Reads the specified image from disk, converting into the passed dtype and compressing on the fly. This method is much more memory efficient and faster than doing this step yourself (reading and then passing read data to compressed_image.Image) as it reads in chunks and compressed on the fly.

The channels specified by channel_names are read from subimage, if multiple subimages are to be read it is recommended to split this into several compressed_image.Image for the above mentioned reasons.

This method automatically populates the metadata that can be accessed through self.get_metadata() with the image metadata.

Parameters:
  • dtype – The data type to read as, this doesn’t have to correspond to the data type of the image as we will convert to the data on read. If you wish to find out the data type of an image without having to read it you can use the Image.dtype_from_file method.

  • filepath – The path to the image file, this must be in a format supported by OpenImageIO.

  • subimage – The subimage within the image to read. Only relevant for a couple of formats such as tiff or exr. If you need to find out how to read the subimage information from an image please refer to the docs for OpneImageIO.

  • channel_names – The names of the channels to read. These must be valid for the passed image and subimage as otherwise we will throw an exception.

  • compression_codec – Compression codec, defaults to lz4 which is a good compromise between compression ratio and speed usually achieving between 5-10x compression ratios.

  • compression_level – Compression level, defaults to 9 for lz4 and typically ranges between 0-9. For lz4 9 is usually a good value as performance doesn’t suffer much from having this at its highest.

  • block_size – The block size used internally in the 3d containers, defaults to 32KB which, from testing, appears to be a good all-purpose value for both performance and compression ratio. This is the size of a single run of data to be compressed and should roughly fit into the L1 cache of your CPU for best performance.
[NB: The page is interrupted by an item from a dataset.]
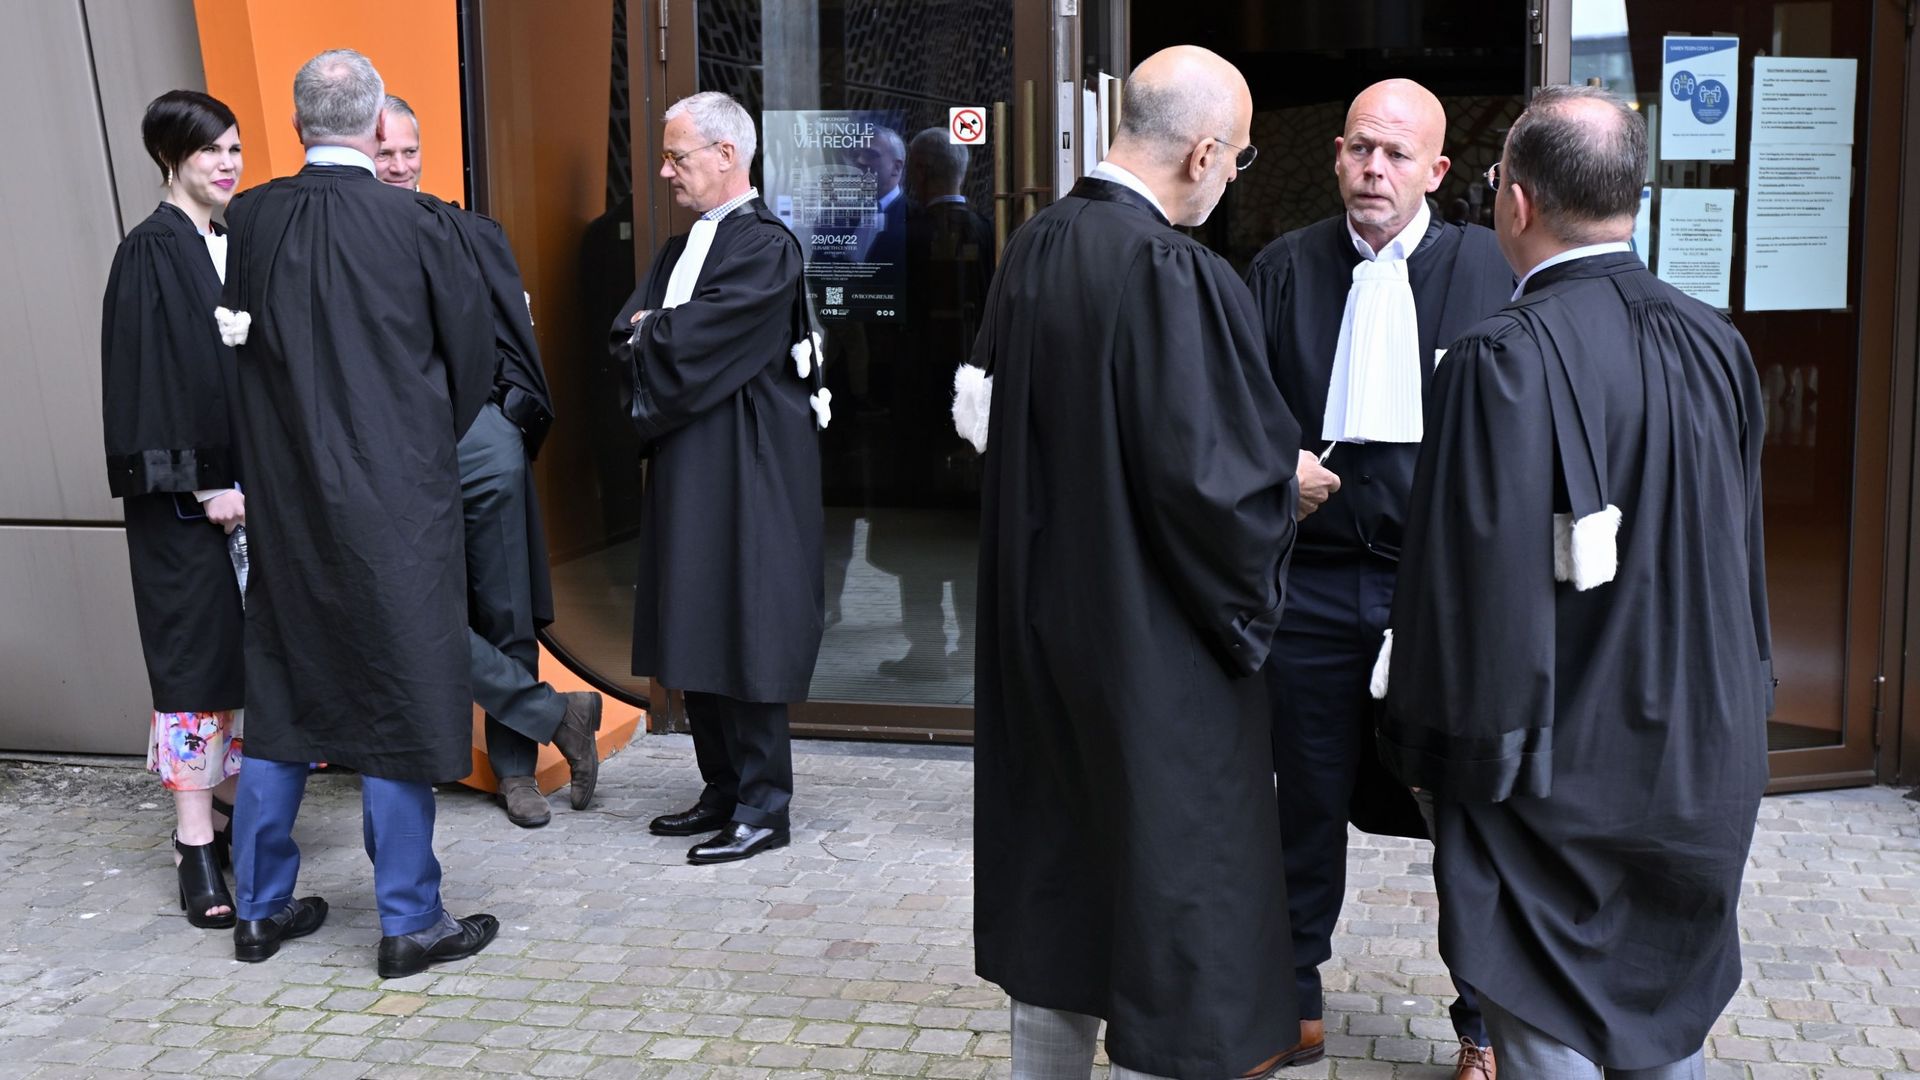 L'avocat John Maes, l'avocat Sven Mary et l'avocat Eric Boon photographiés au début du procès contre les 18 membres du club d'étudiants de Reuzegom qui sont associés à la mort de Sanda Dia, devant le tribunal pénal, au palais de justice de Hasselt, vendre

The blocks are not transparent to the user of the API, the lowest level that can be accessed is chunks.

  • chunk_size

    Chunk size used internally (next level after blocks). Defaults to 4 * 1024 * 1024.

    This value should be:

    • Small enough to allow efficient partial extraction (e.g., for region-of-interest).

    • Large enough to saturate available cores when divided by block_size.

    These defaults are tuned for good performance on a wide range of systems.

remove_channel(self: compressed_image.lib64.compressed_image.Image, name_or_index: SupportsInt | str) None#

Remove the channel by name or index.

set_channel_names(self: compressed_image.lib64.compressed_image.Image, arg0: collections.abc.Sequence[str]) None#

Set the channel names, the names of these may be whatever you wish the to be, the only restriction is that the length of this list must be == len(channel).

set_metadata(self: compressed_image.lib64.compressed_image.Image, metadata: json) None#

Set the metadata on the image, this may be any arbitrary dict and it is entirely up to you to manage this metadata/interpret it. This may for example encode color space information.

Parameters:

metadata – The metadata to set on the image.

property shape#
Returns:

Image shape in format (nchannels, height, width)

update_nthreads(self: compressed_image.lib64.compressed_image.Image, nthreads: SupportsInt) None#

Update the number of threads used internally for compression/decompression. By default this will use all available system threads.

property width#
Returns:

The image width. All channels in the image are guaranteed to be of this width.